Background info
During my time in Trustpilot between 2015 and 2017, I had the pleasure to work on many interesting initiatives. One of them was the design of an A/B split testing tool for the Trustbox widgets that show reviews and scores on customers’ websites.
The main objective was to have data-based proof of how customer reviews impact the conversion rate on our customer’s websites. This way they can be able to select the right widget for the right place to increase the conversion rate.
I contributed with UI/UX designs and prototyping to enable the development team and validation of the ideas. I was also responsible for facilitating design sprint workshops and user interviews.
Outcomes
Easy to use self-service A/B testing tool.
Enabled customer success and sales reps to upsell.
Proof of how Trustboxes support the conversion rate in the checkout flow.
One customer upgraded to a higher paid tier in the process of user testing the idea. This served as strong evidence for the business value of developing further the tool.
The hypothesis we started with
If we enable our customers to transparently test the Trustbox widgets’ impact on their revenue, we will be able to upsell them to higher tiers and Trustpilot will have data to help us improve the performance of the existing widgets.
To test this hypothesis we used the discovery approach that was based on the book “Inspired” by Marty Cagan.
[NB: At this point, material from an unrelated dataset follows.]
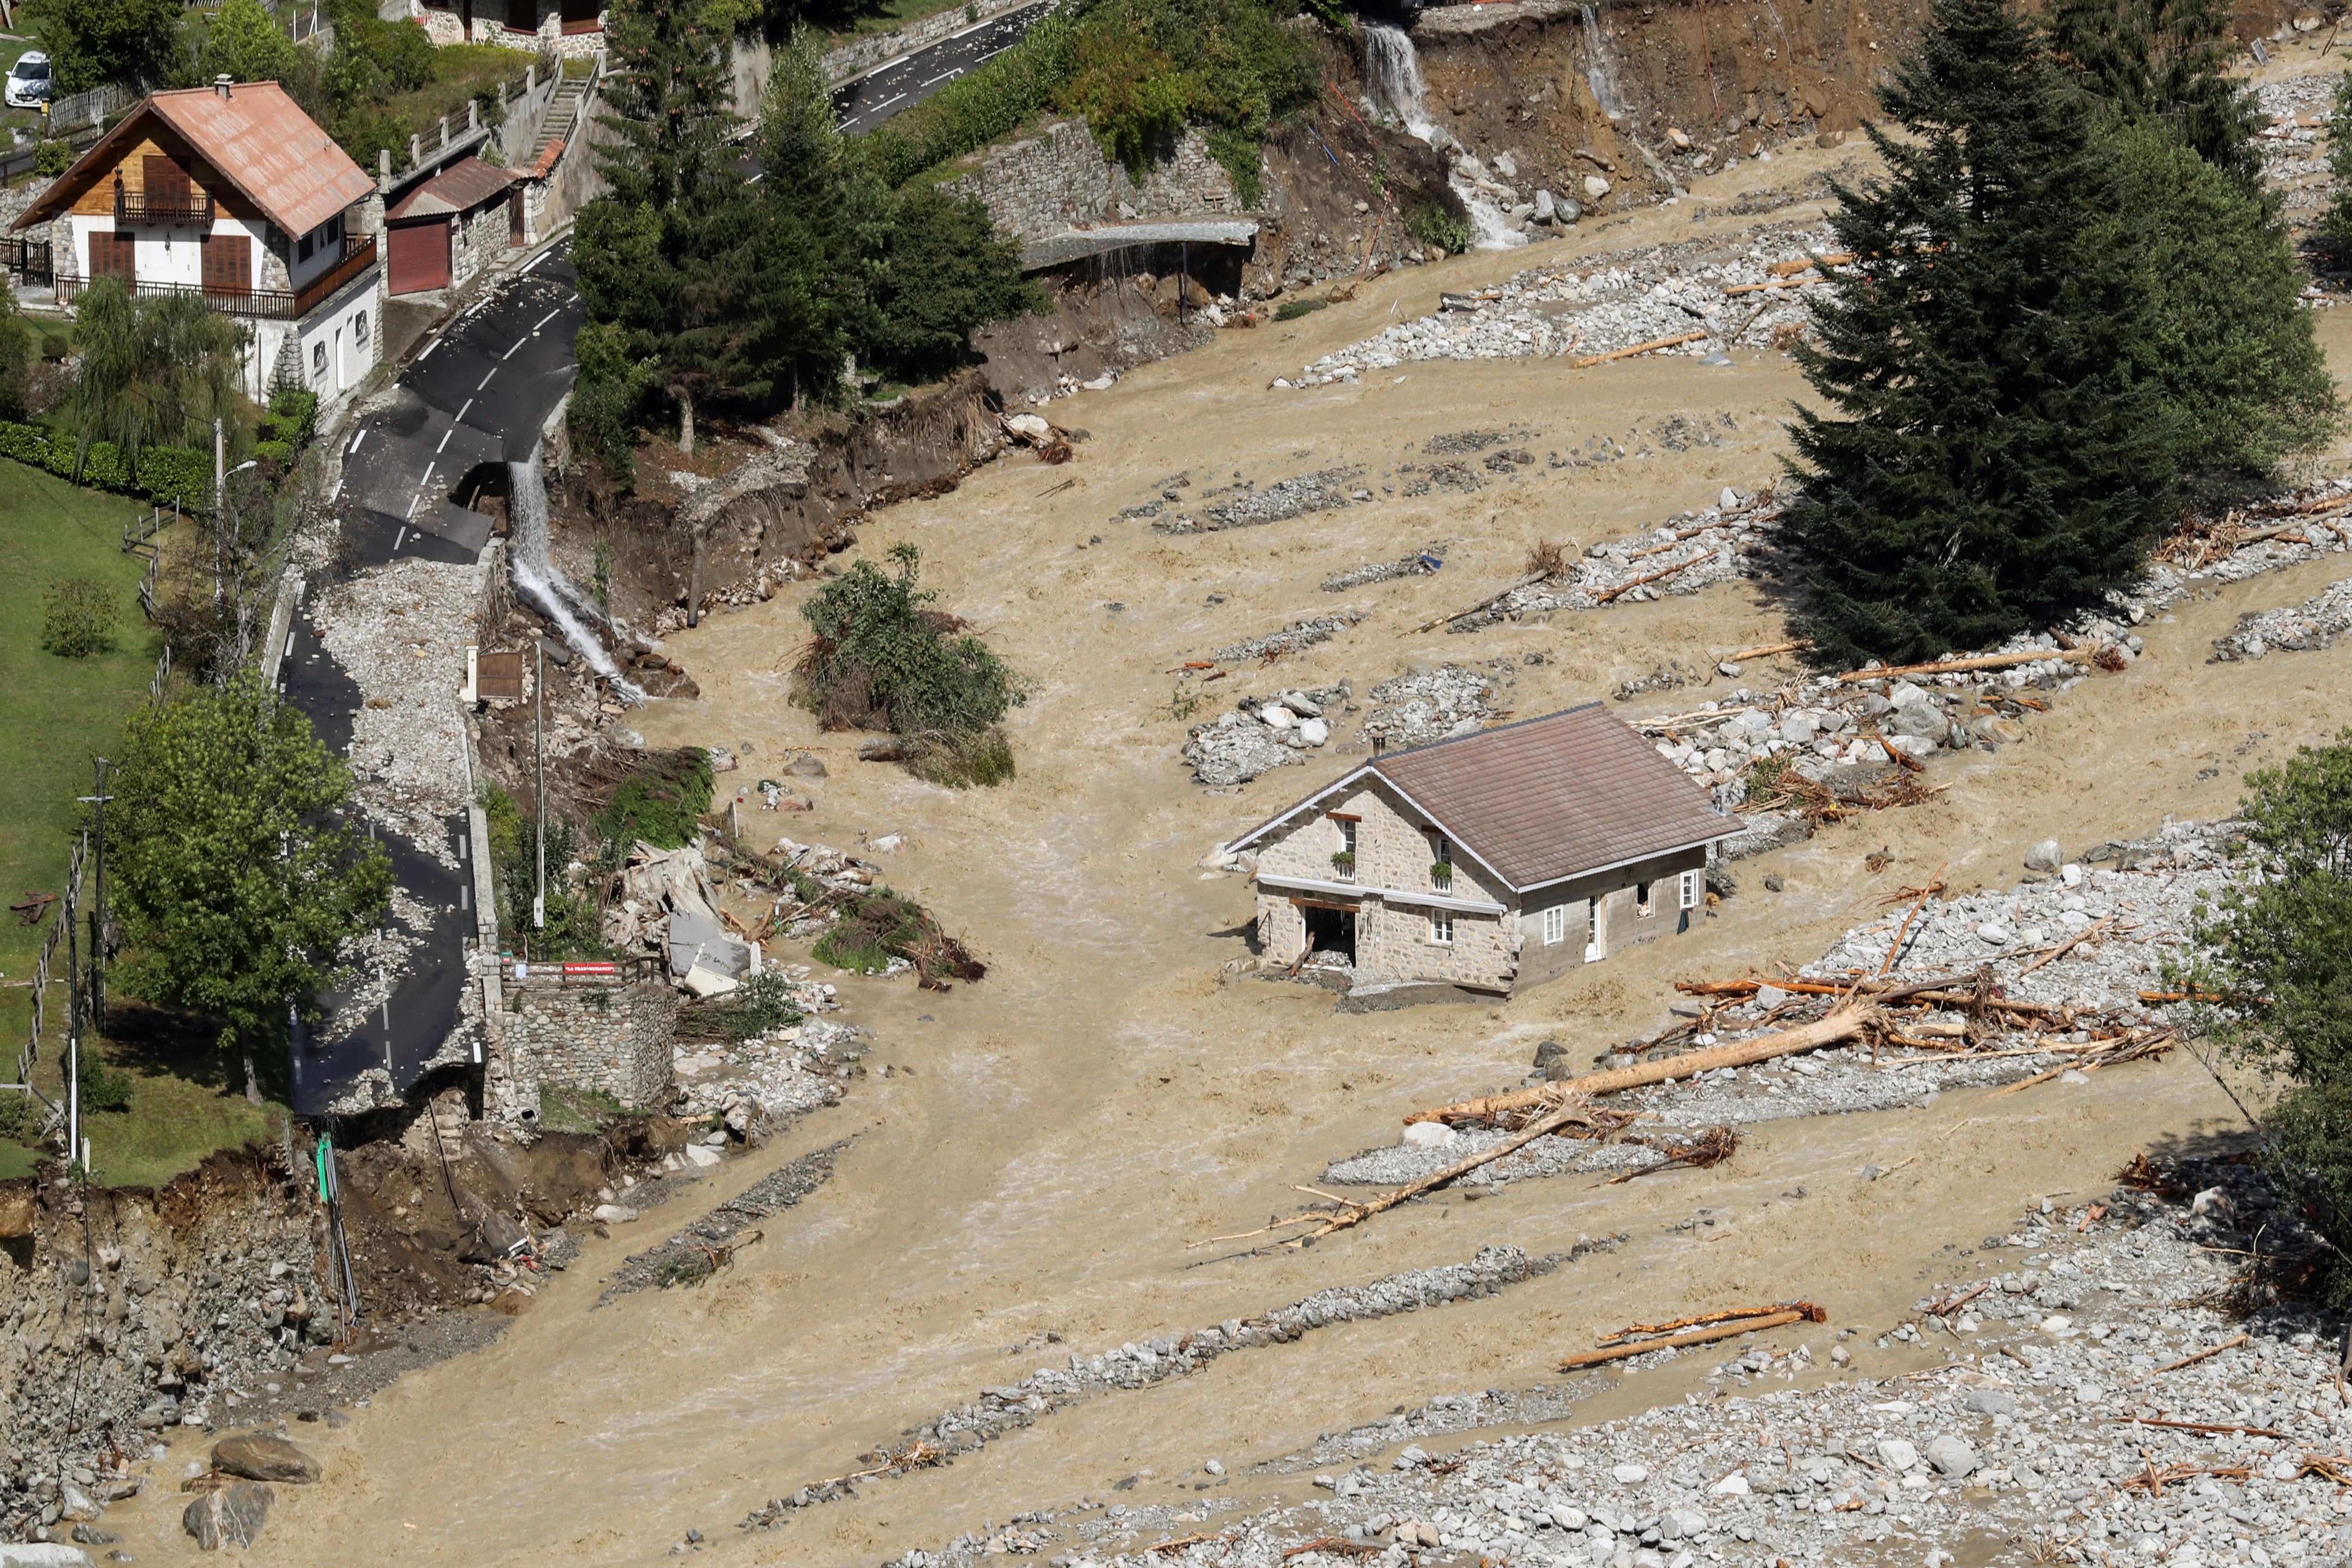 Deadly floods hit France, Italy

We needed to test our assumptions as quickly as possible and validate if the idea we had will bring additional value for our customers and Trustpilot.

Discovery approach
After an initial Discovery (design) sprint, the team continued with Rapid prototyping. I was making prototypes with Axure RP8 at the time and in parallel, the developers were working on designs and ideas that were validated with user testing. The PO and I were doing weekly user tests/interviews to enable further learning and make sure the feature is being developed on the right track.
Assumptions
Our team was working with too many assumptions to list them here. The point I want to make is that a big part of them got disproven with iterative testing with customers and having weekly interviews with beta testers of the new feature.
Our teams’ developers made a minimum viable technical solution to be able to get tracking data and then I was using the data to make prototype reports to show to customers during interviews and get feedback on how much detail is the right amount.
For example one of the assumptions was that Customers will want full data transparency. However, that was not the case for the majority of the interviewed people. They wanted a high-level overview and a summary of the results with an option to get the extra details if needed.
If you’re curious to learn more feel free to reach out and we can talk about the process.

Designing a user-friendly setup flow
By doing the user interviews and testing out the setup flow multiple times we ended up with a simplified version that even the not-so-technical customers could use to set up their own tests. Alternatively, the users could send the setup instructions and code to a developer that can help them.
If you are curious to learn more I can give a tour of one of the prototypes that were used to test the designs and flows.
Main challenges during this project
Learning and understanding how Bayesian statistics can apply to the design and how the tracking data will result in actionable points for our customers.
Creating a simple enough setup flow for “Mom&Pop’s shop users” so they can set up the A/B test without a developer.
Designing a report page that provides both simples to understand data but also gives the detailed numbers behind the statistical analysis.
Many of the Beta users did not have high enough traffic to achieve statistical significance of the results for under 3 weeks of testing. This made testing the report page with real data very challenging and slow.
What would I change if I could
The initial design sprint could have been more productive if we had better preliminary research on A/B testing and Statistical methods that can help us develop the feature. The whole team was new to the domain and the initial plans were perhaps too innovational. 🙂
The criteria for user recruiting could have been better so we can avoid the low traffic users especially for the A/B test reporting part where we had to wait for a long time to get the real data. Or perhaps finding a prospect that we could win by getting them to test the idea with us and proving that having the widget can increase their revenue.